[Start of section]
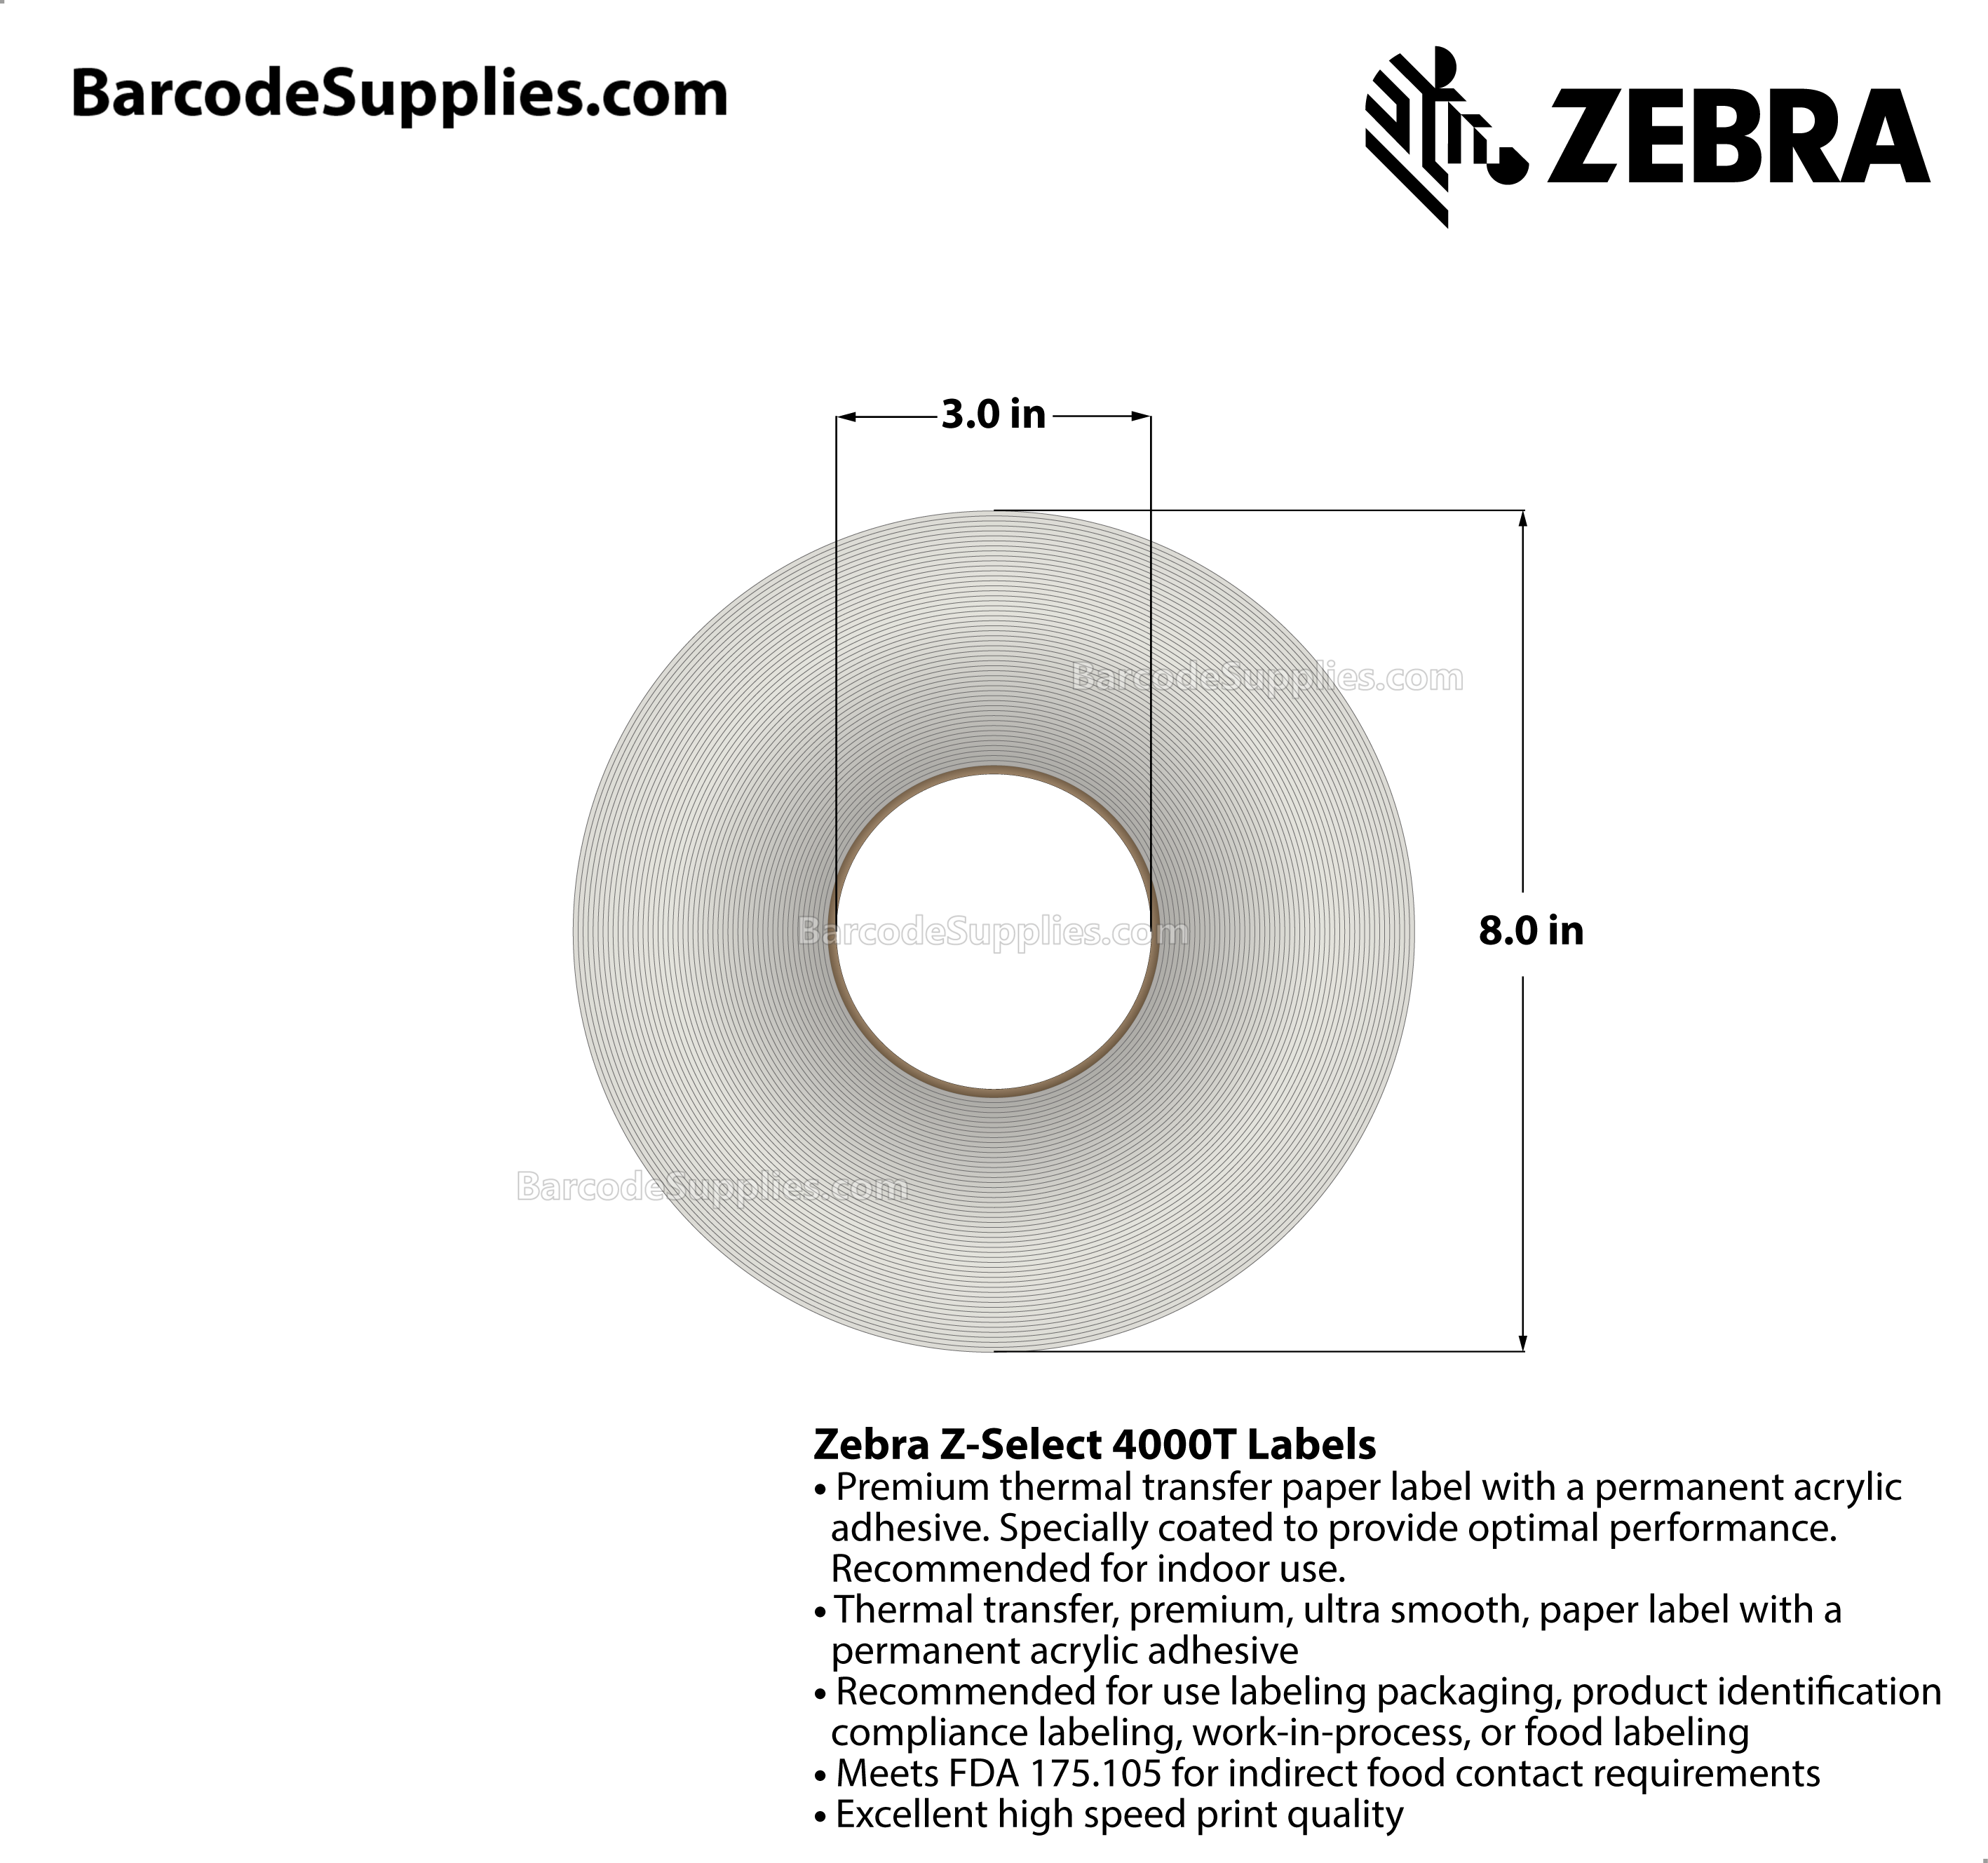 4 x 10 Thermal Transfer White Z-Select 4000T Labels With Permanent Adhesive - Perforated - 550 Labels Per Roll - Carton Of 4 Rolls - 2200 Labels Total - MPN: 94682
[End of section]
[Start of section]
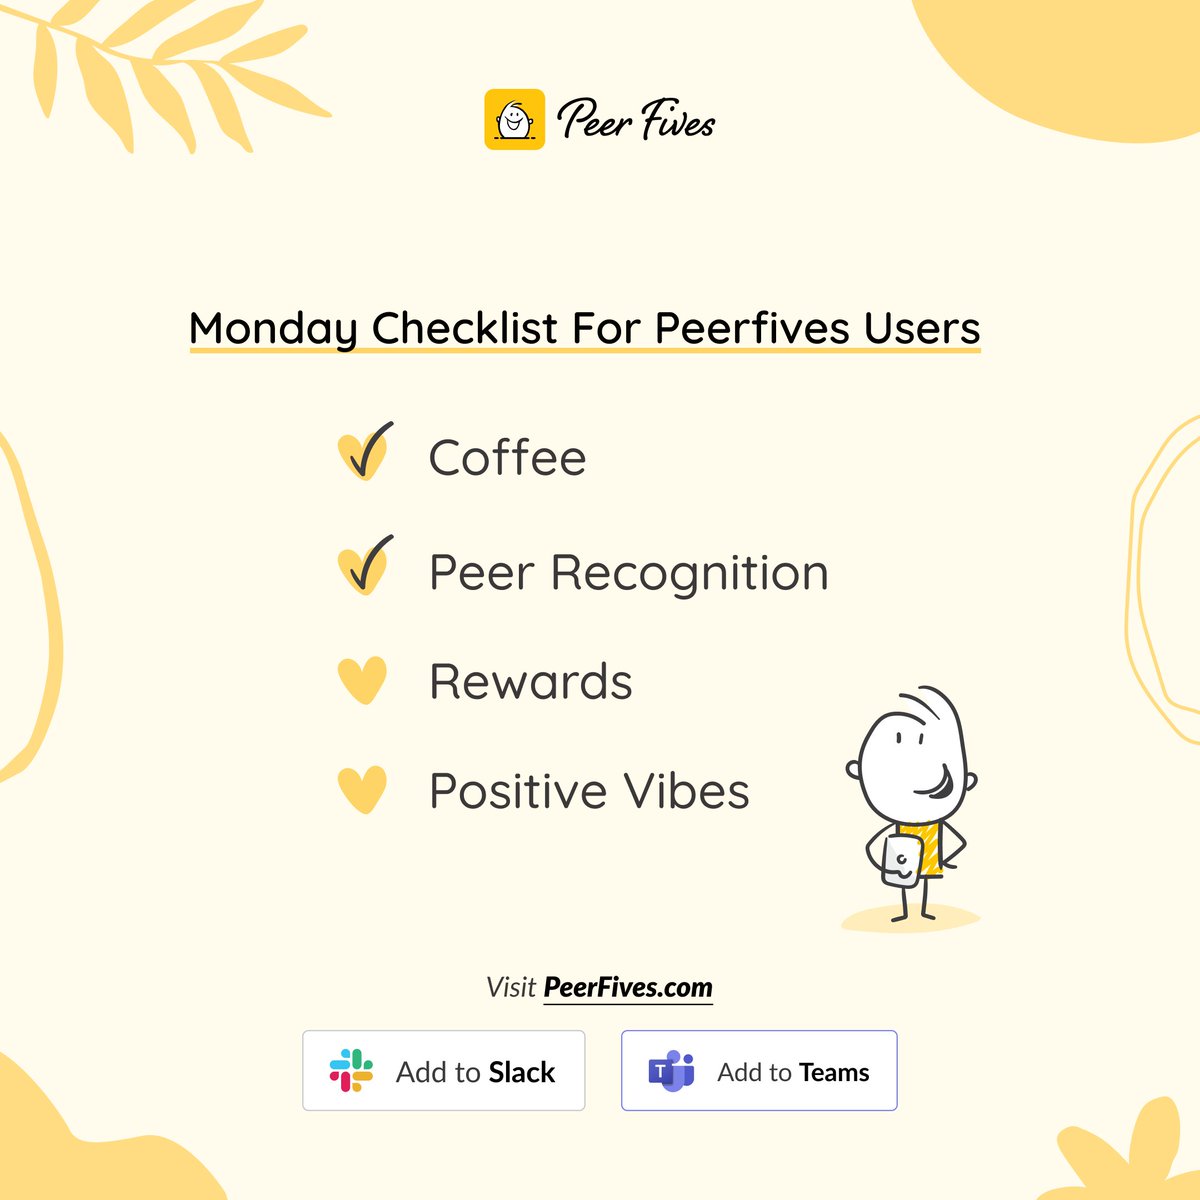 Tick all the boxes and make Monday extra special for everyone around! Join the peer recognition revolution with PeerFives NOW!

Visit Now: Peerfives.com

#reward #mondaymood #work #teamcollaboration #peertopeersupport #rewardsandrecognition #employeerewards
[End of section]
[Start of section]
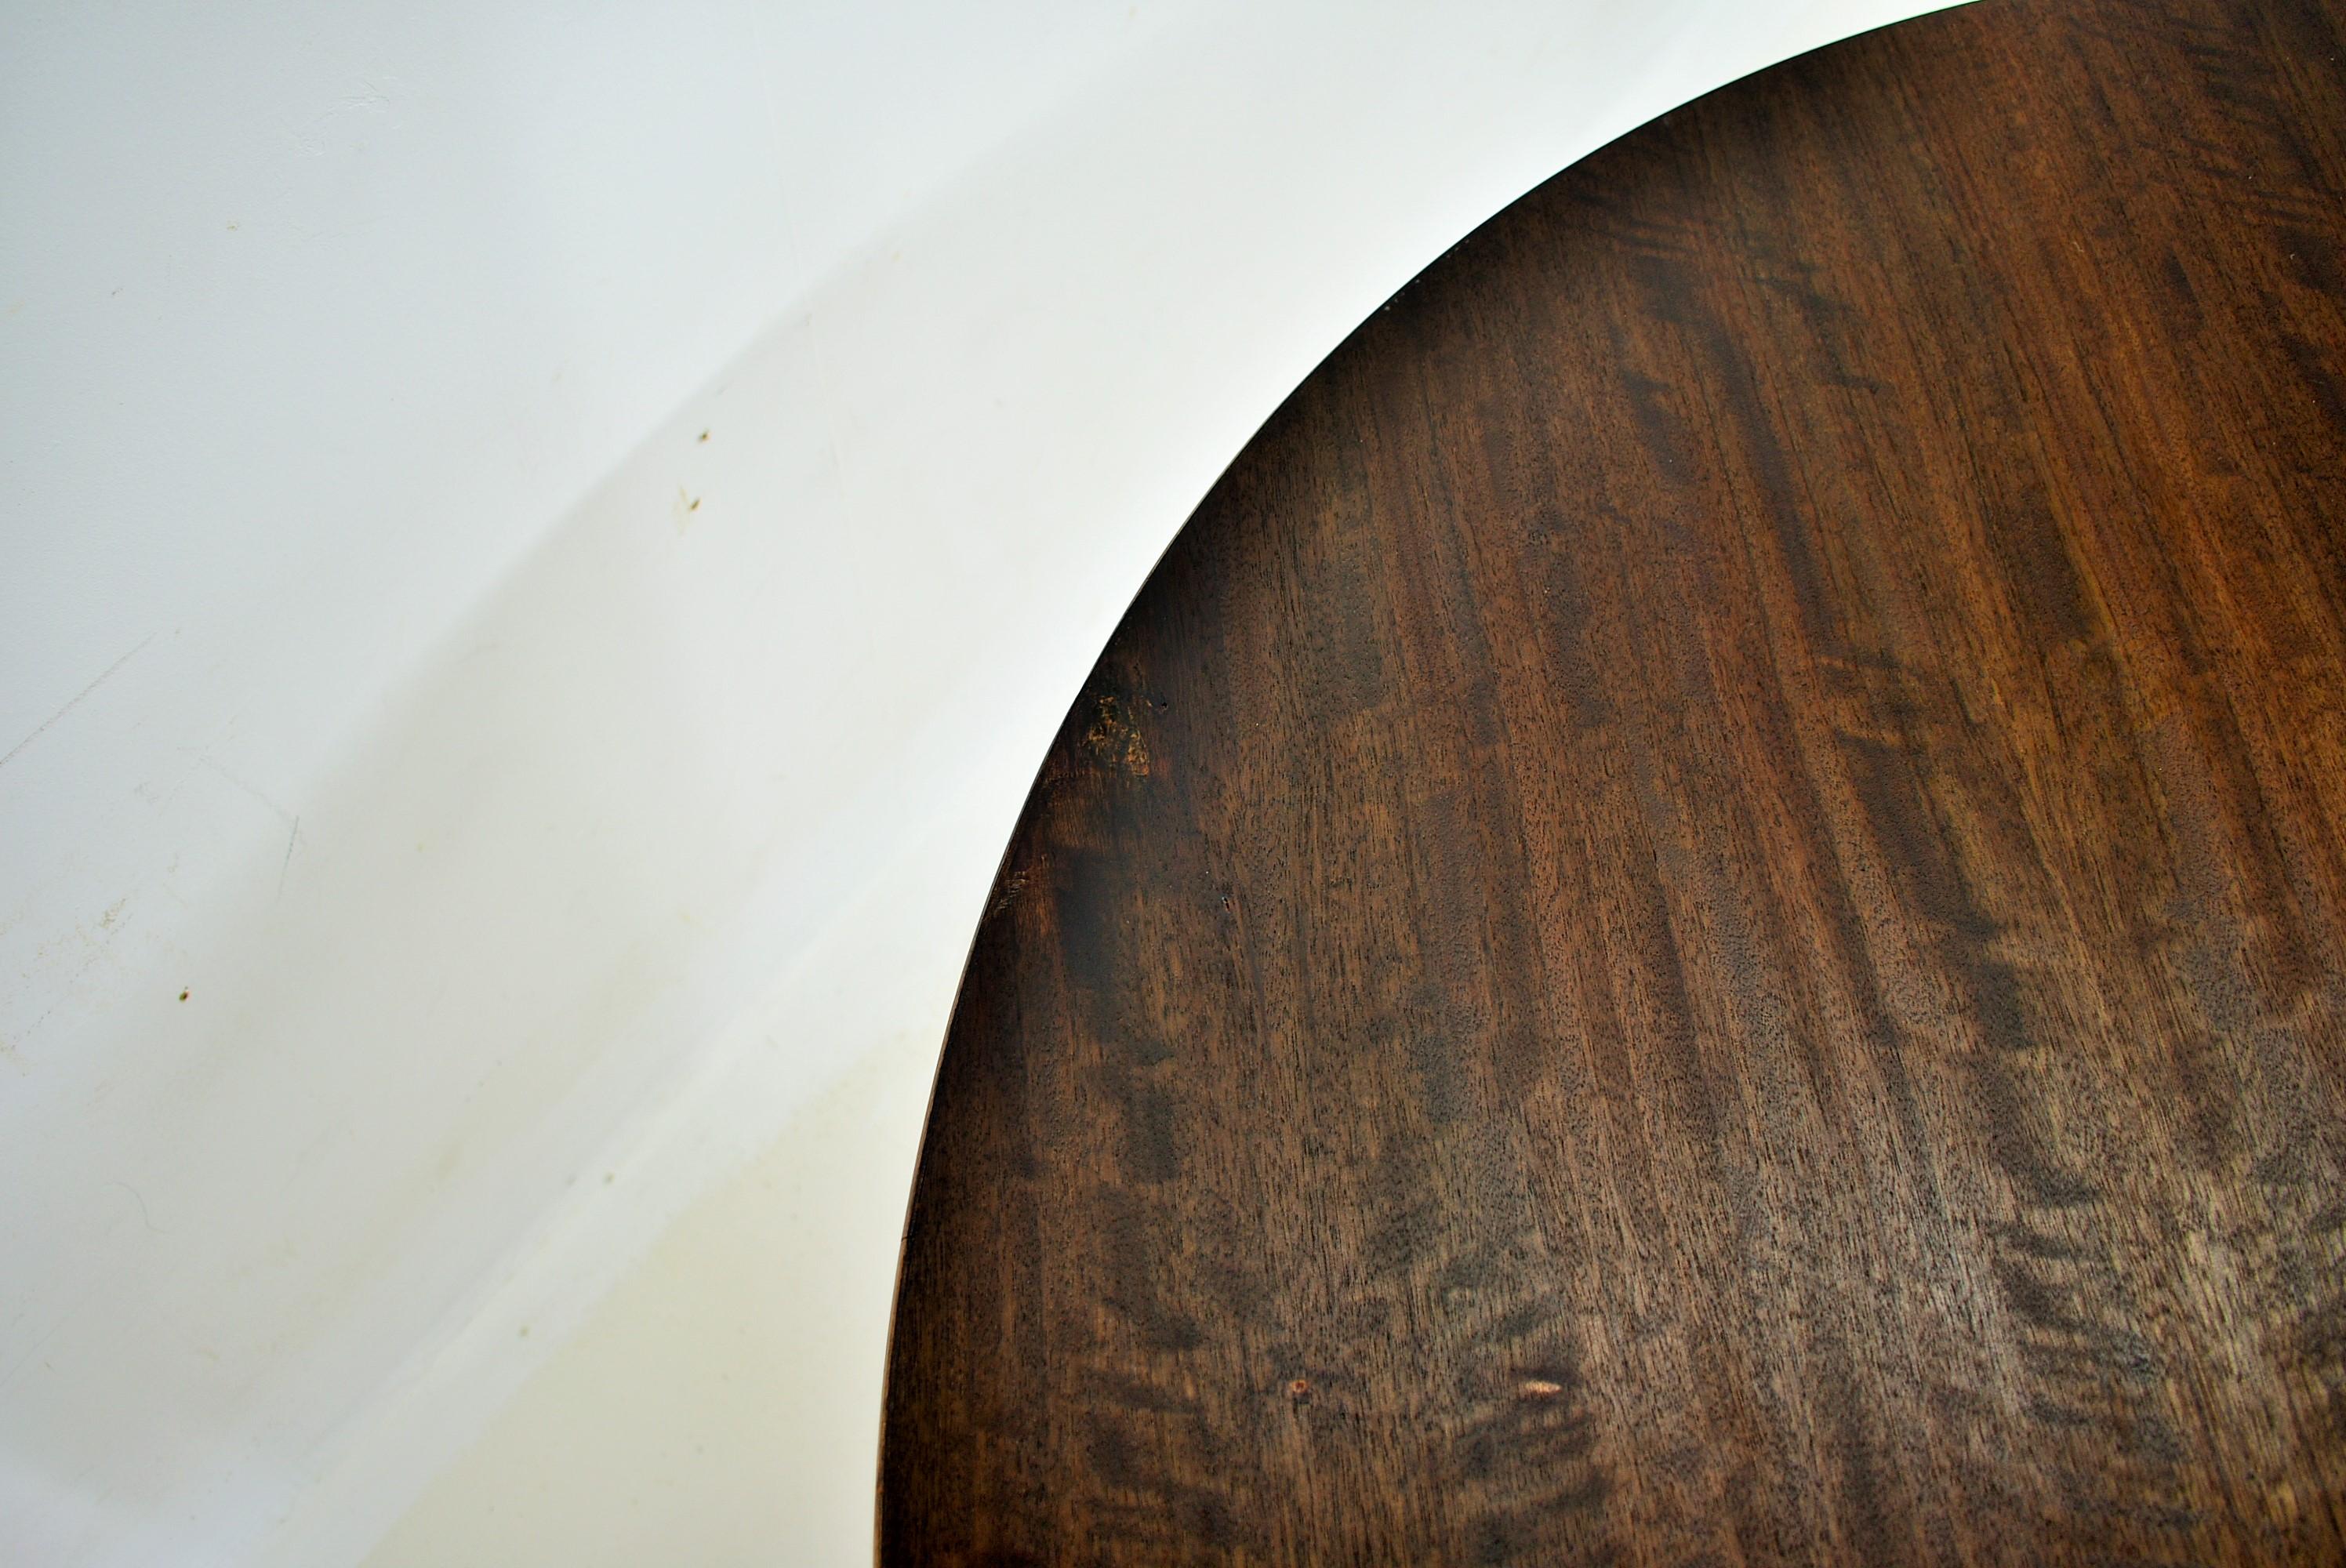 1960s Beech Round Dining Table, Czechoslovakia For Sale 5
[End of section]
- What to do
Because only one stretch of the records is wanted, please output the lines from the one holding "Tick all the" through the one holding "#reward #mondaymood #work" exactly, both included, and leave every picture out.

- Answer below
 Tick all the boxes and make Monday extra special for everyone around! Join the peer recognition revolution with PeerFives NOW!

Visit Now: Peerfives.com

#reward #mondaymood #work #teamcollaboration #peertopeersupport #rewardsandrecognition #employeerewards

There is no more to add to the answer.